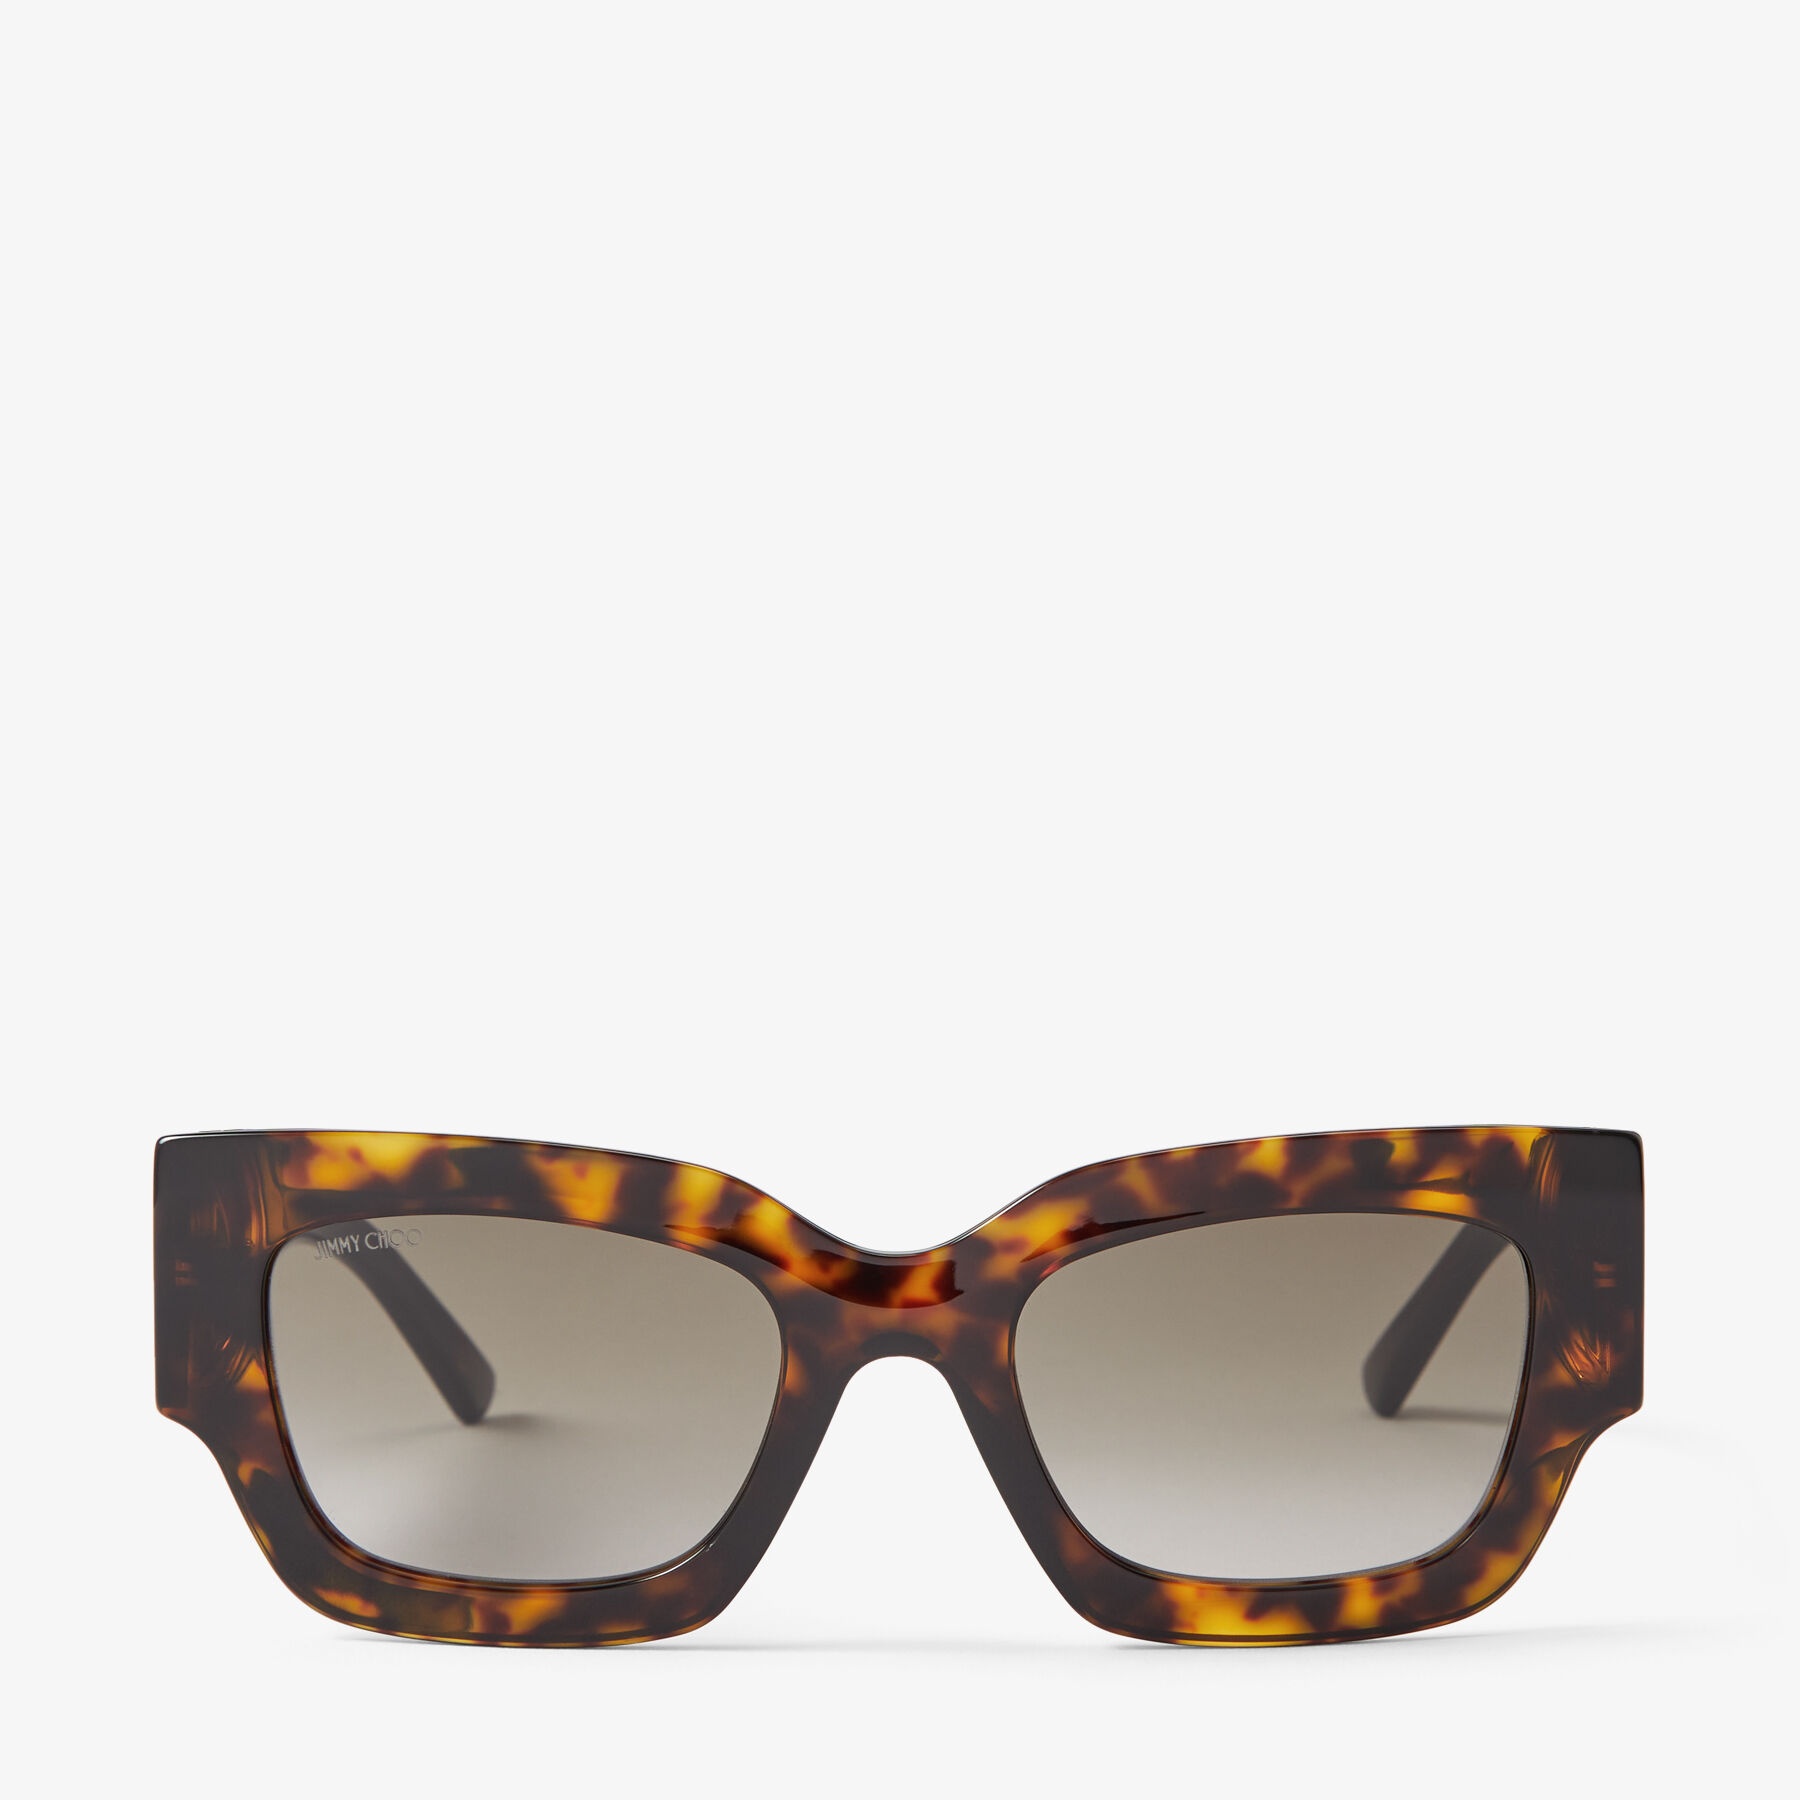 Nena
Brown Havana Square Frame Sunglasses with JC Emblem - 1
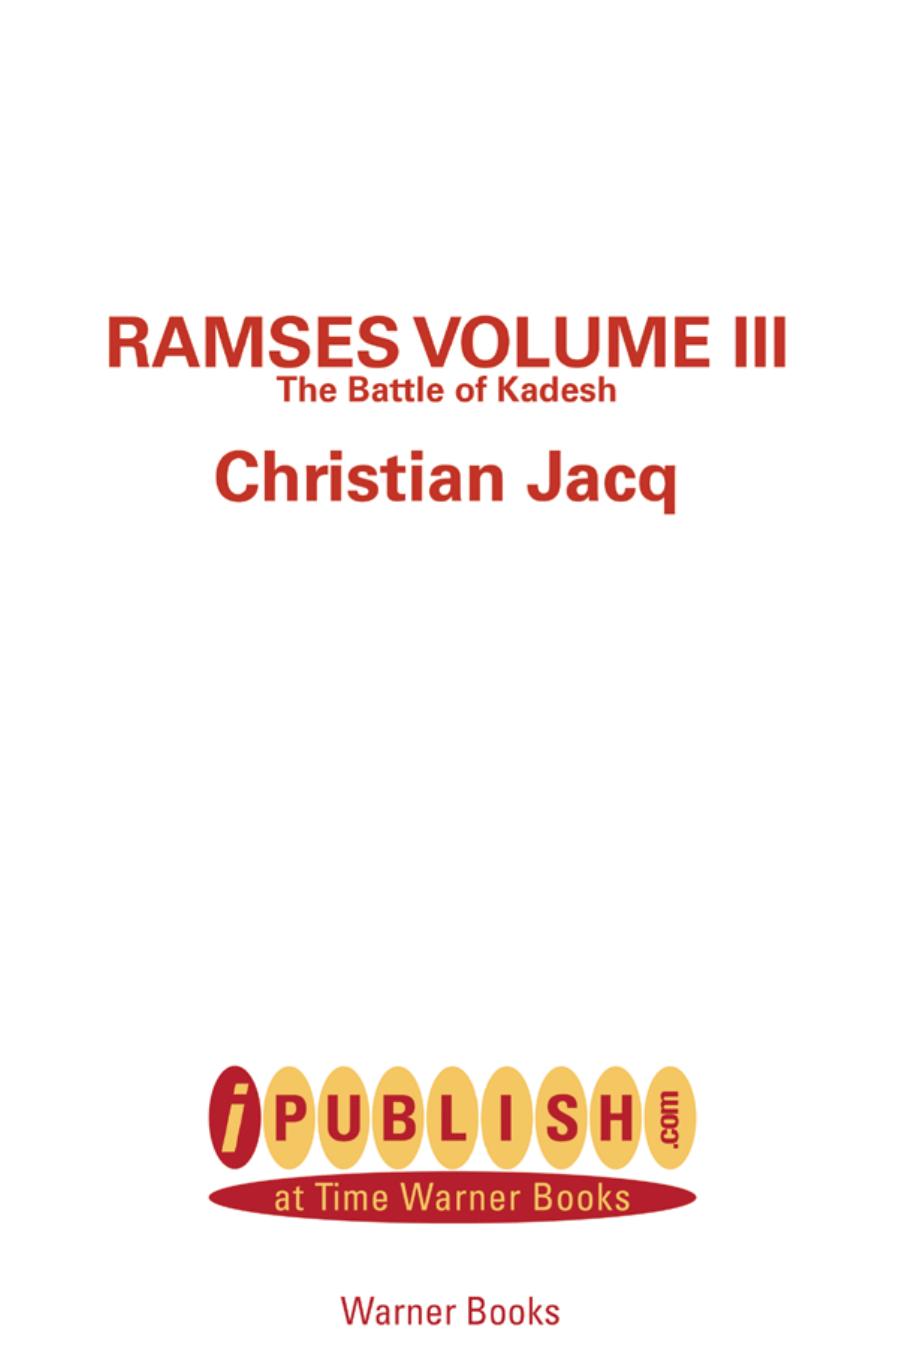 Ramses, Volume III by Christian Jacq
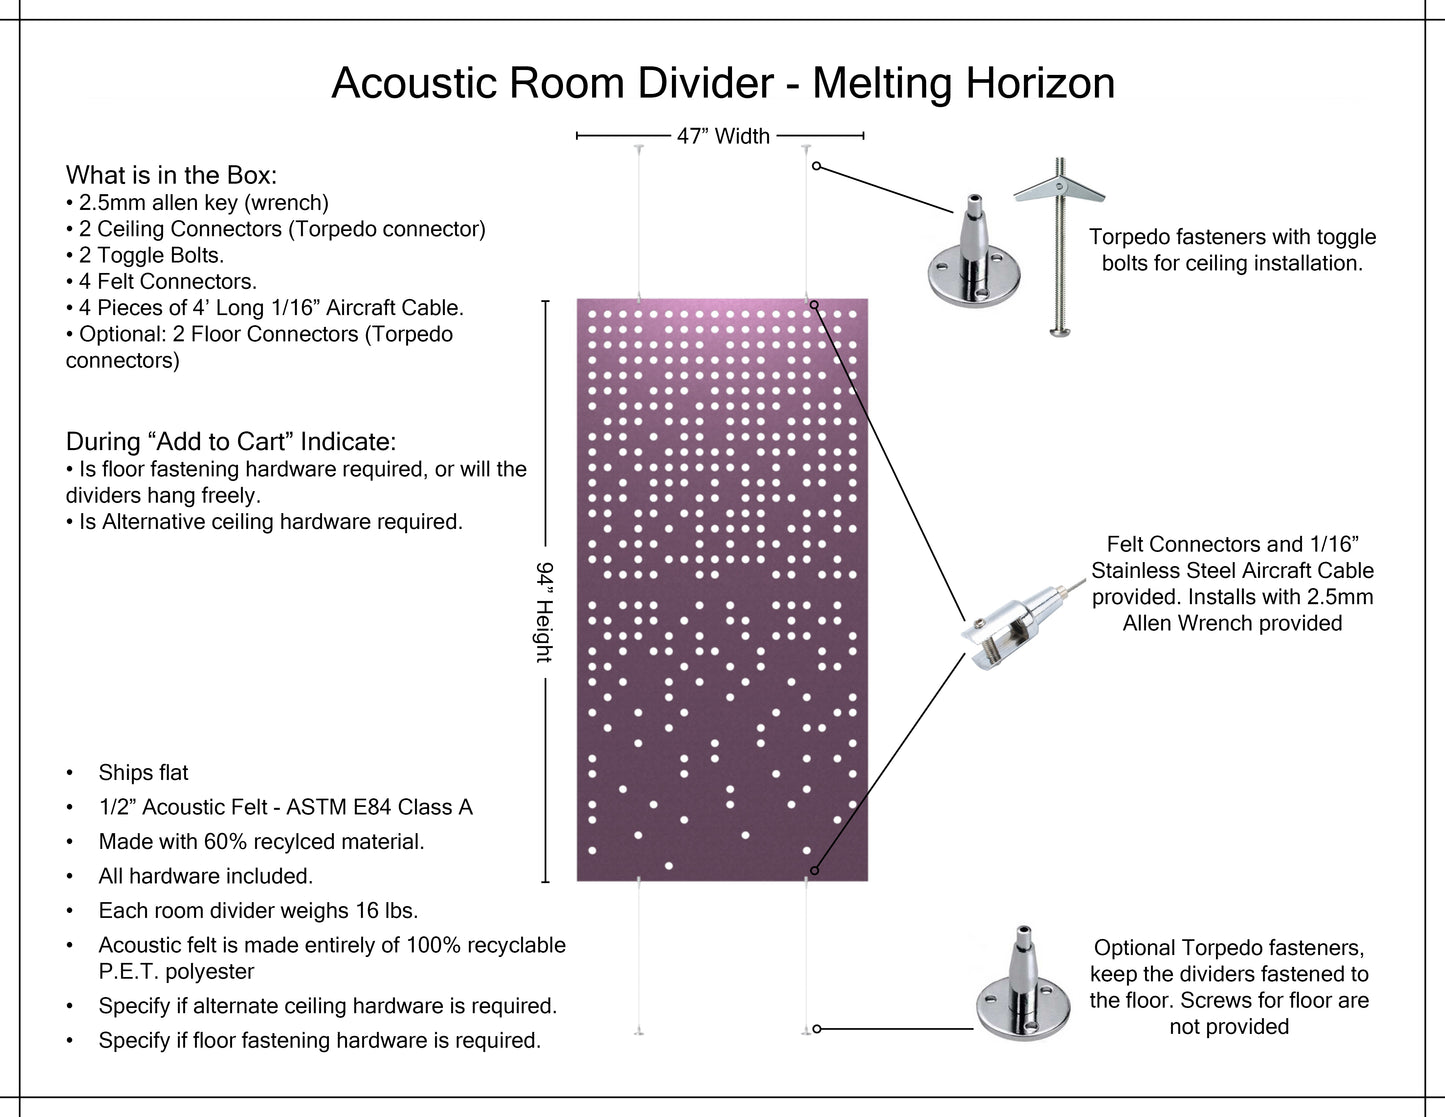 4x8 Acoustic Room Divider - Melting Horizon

- What needs to be done: Restate word for word only the lines from the one with "Brown Havana Square" through the last line of the material, both included. Any picture should be left out.

- Answer below:
Brown Havana Square Frame Sunglasses with JC Emblem - 1
 Ramses, Volume III by Christian Jacq
 4x8 Acoustic Room Divider - Melting Horizon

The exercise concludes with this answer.